◆ Exercise aim: Please copy, exactly as they appear below, the lines from the one containing "Stream & Download" through the one containing "Bakti Sosial XI".

◆ Supplied entries:
....

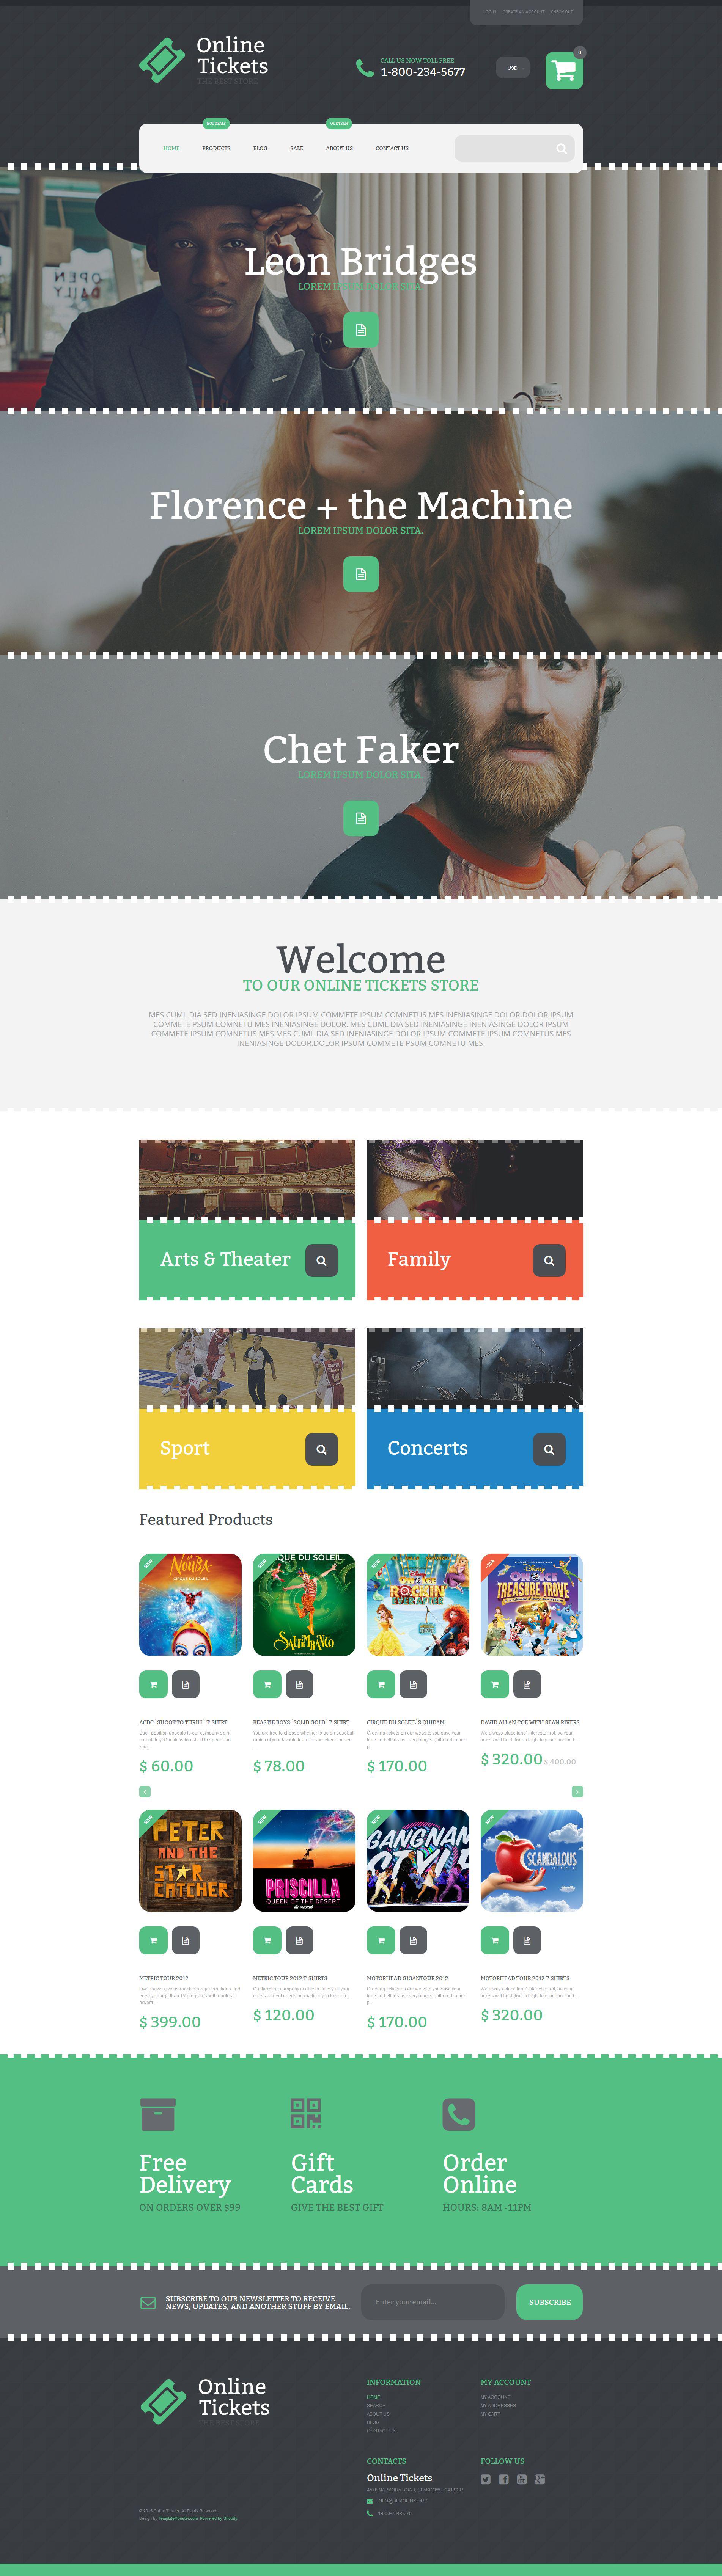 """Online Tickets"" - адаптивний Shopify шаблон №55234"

....

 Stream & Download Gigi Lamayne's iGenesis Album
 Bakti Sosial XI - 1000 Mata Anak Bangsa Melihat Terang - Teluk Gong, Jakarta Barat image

....

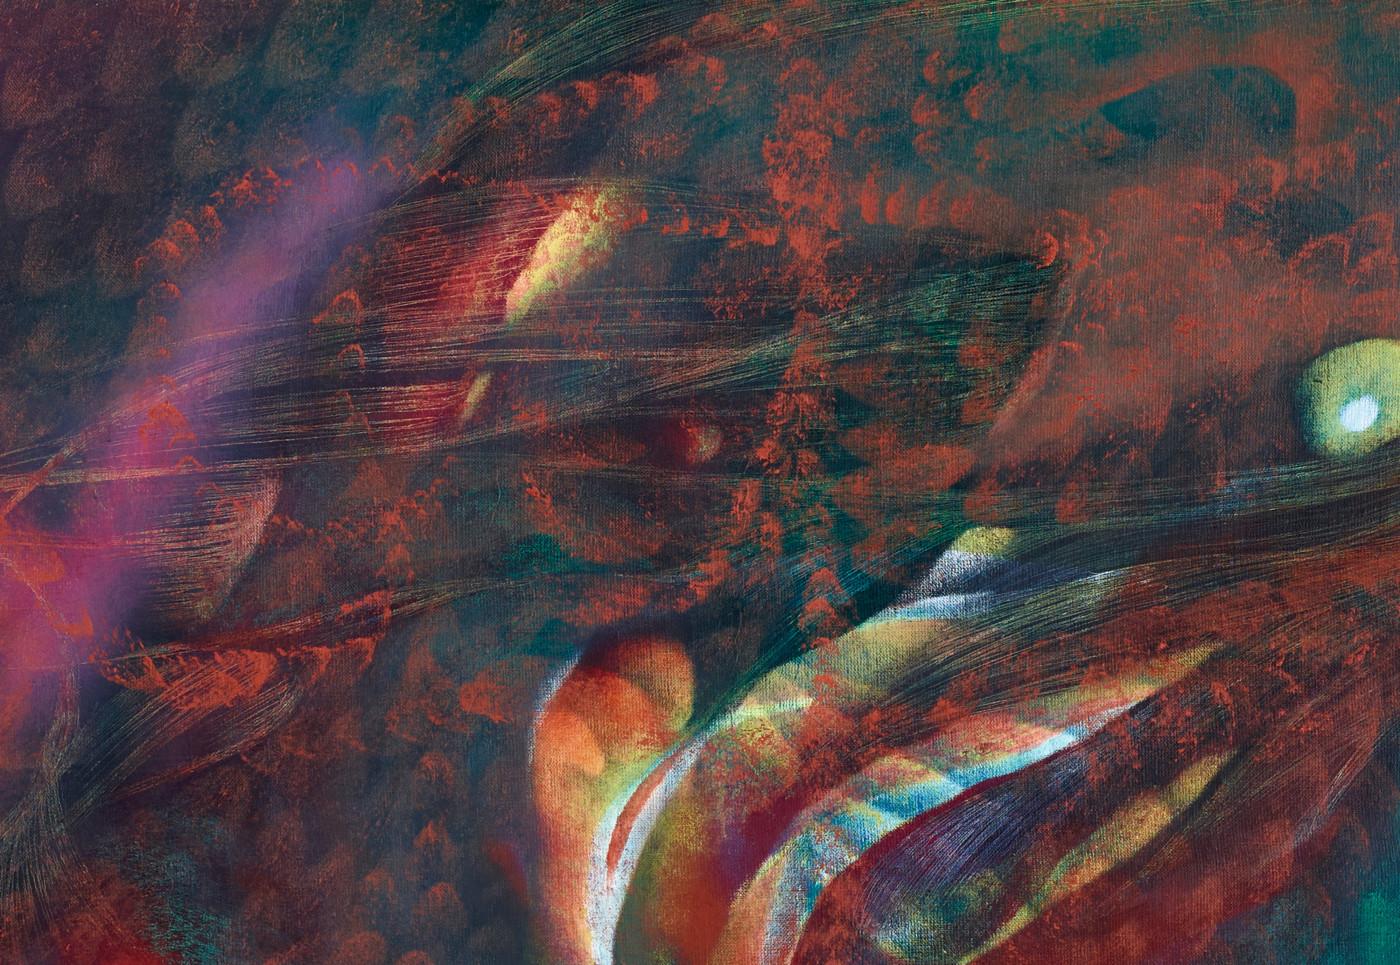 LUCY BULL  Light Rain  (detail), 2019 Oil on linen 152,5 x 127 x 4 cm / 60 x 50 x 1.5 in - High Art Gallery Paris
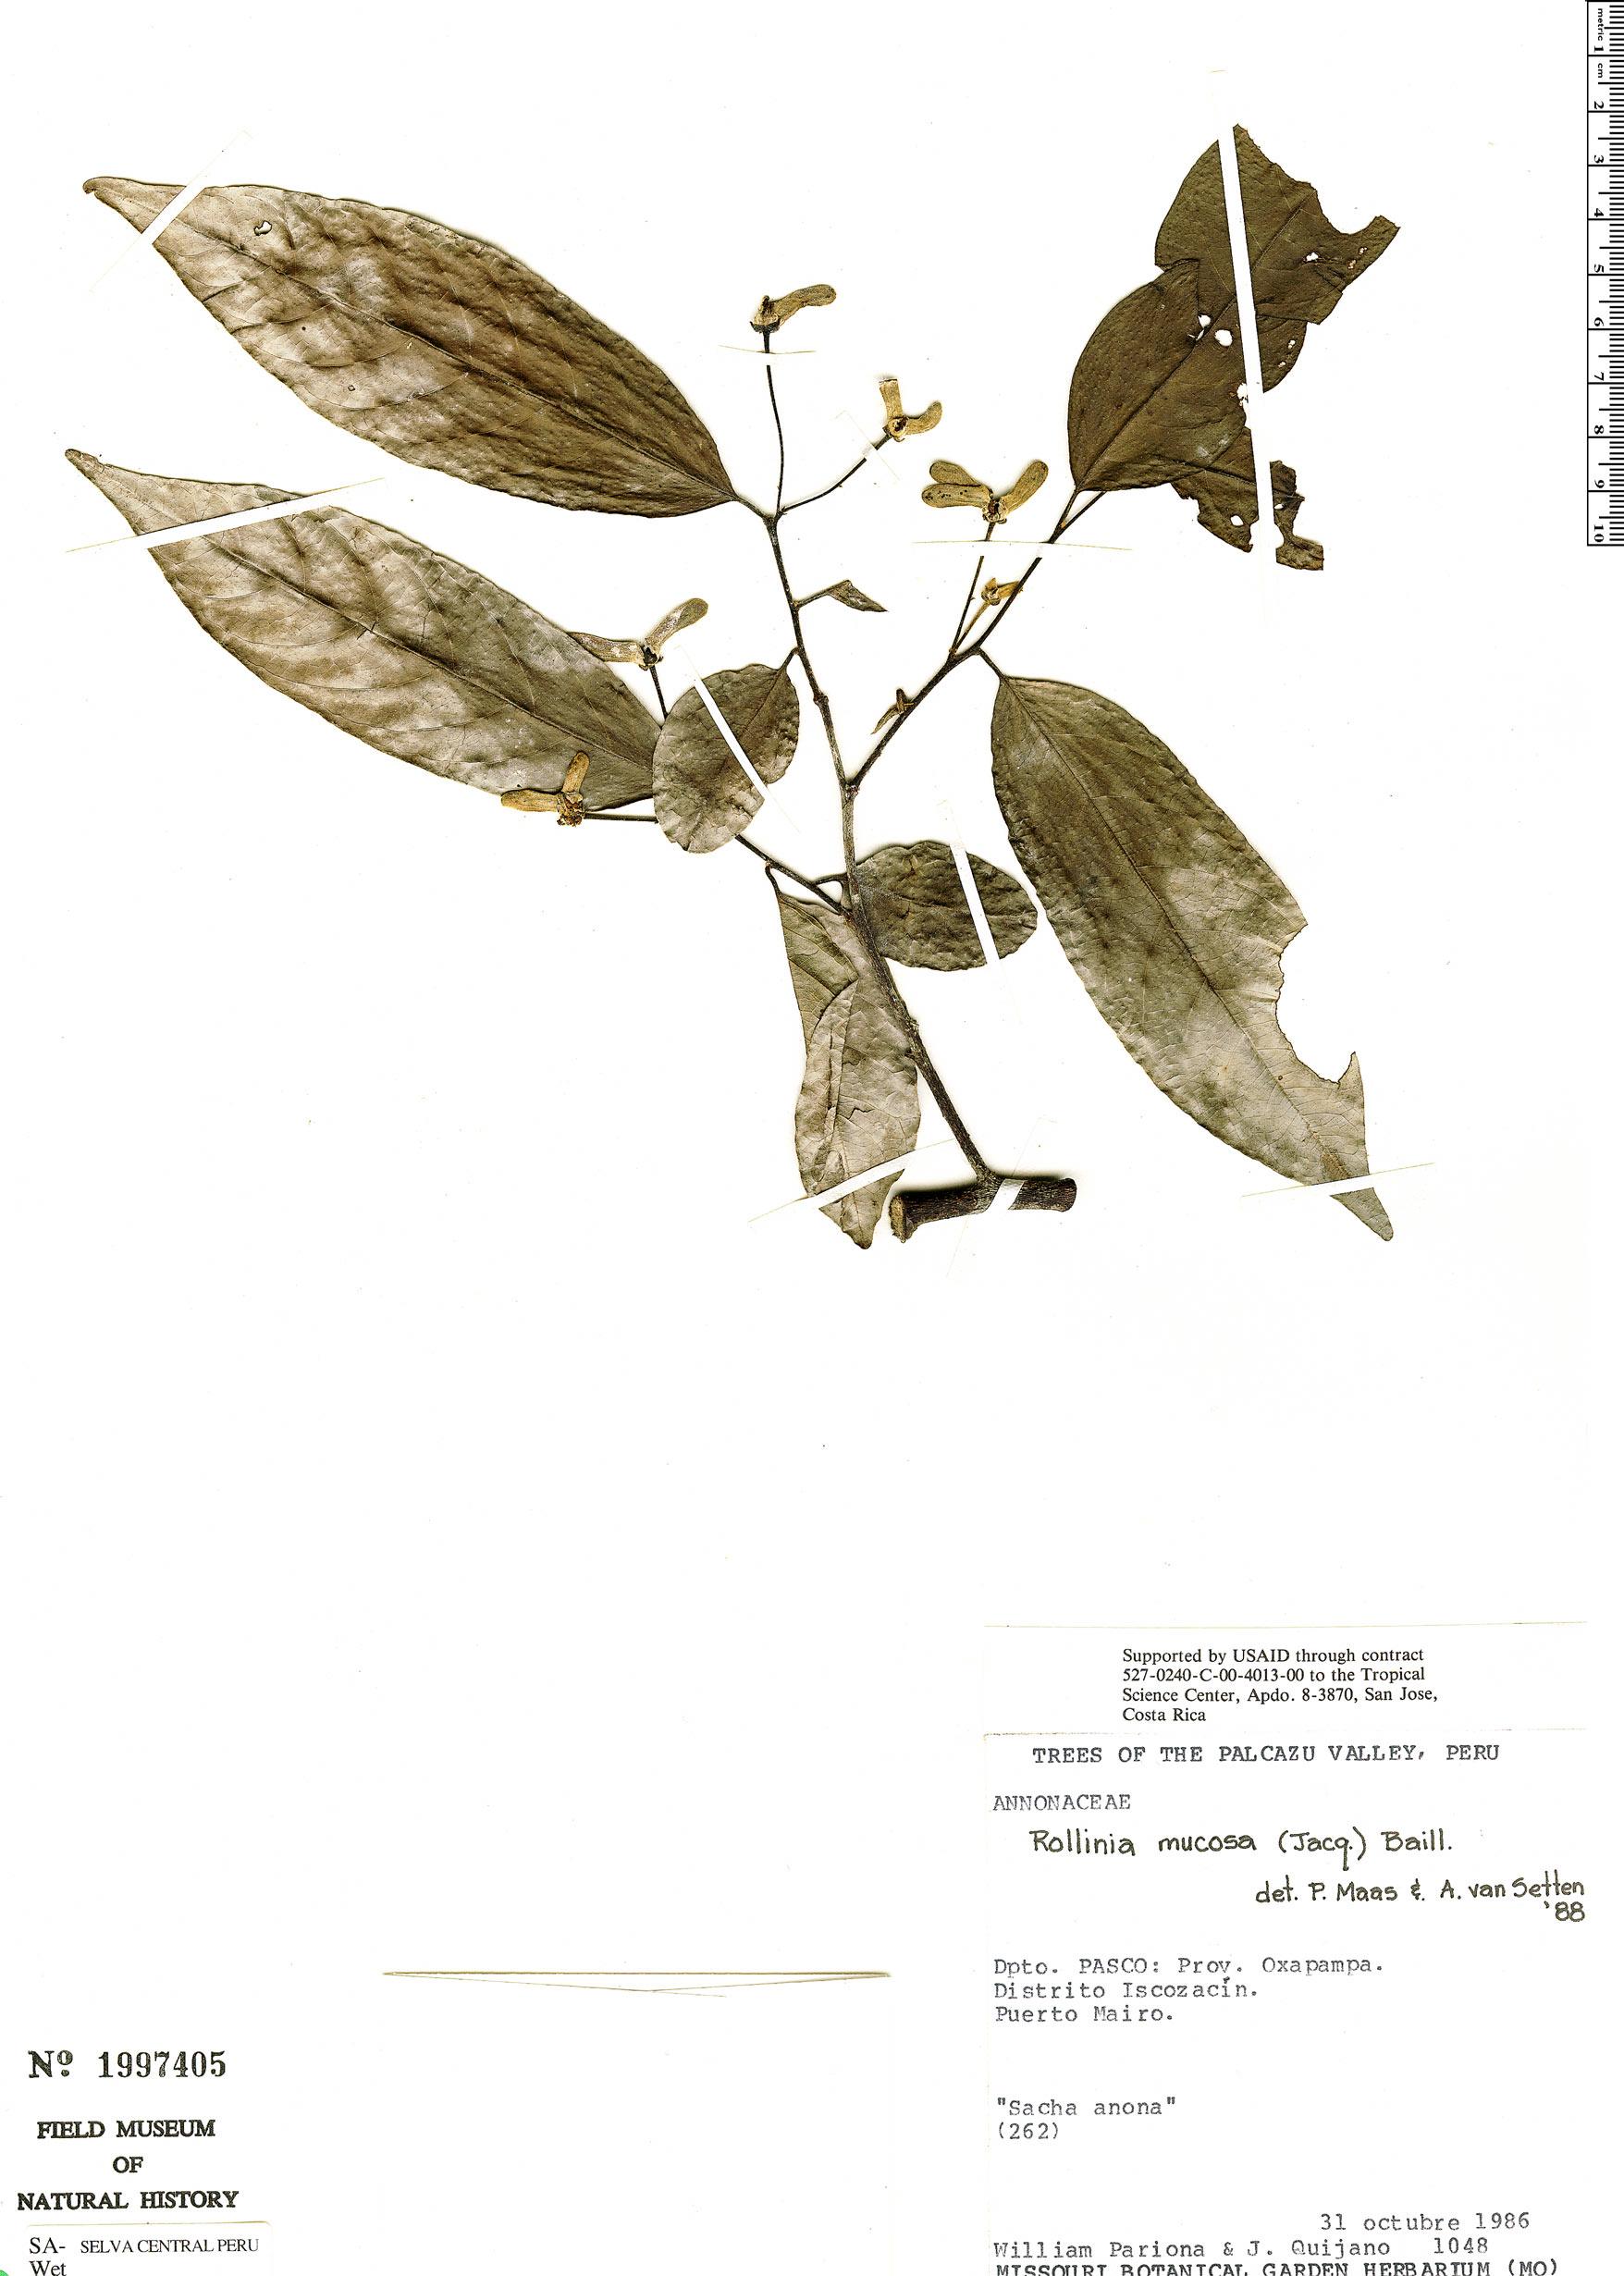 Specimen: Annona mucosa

....

◆ Solution for this problem:
 Stream & Download Gigi Lamayne's iGenesis Album
 Bakti Sosial XI - 1000 Mata Anak Bangsa Melihat Terang - Teluk Gong, Jakarta Barat image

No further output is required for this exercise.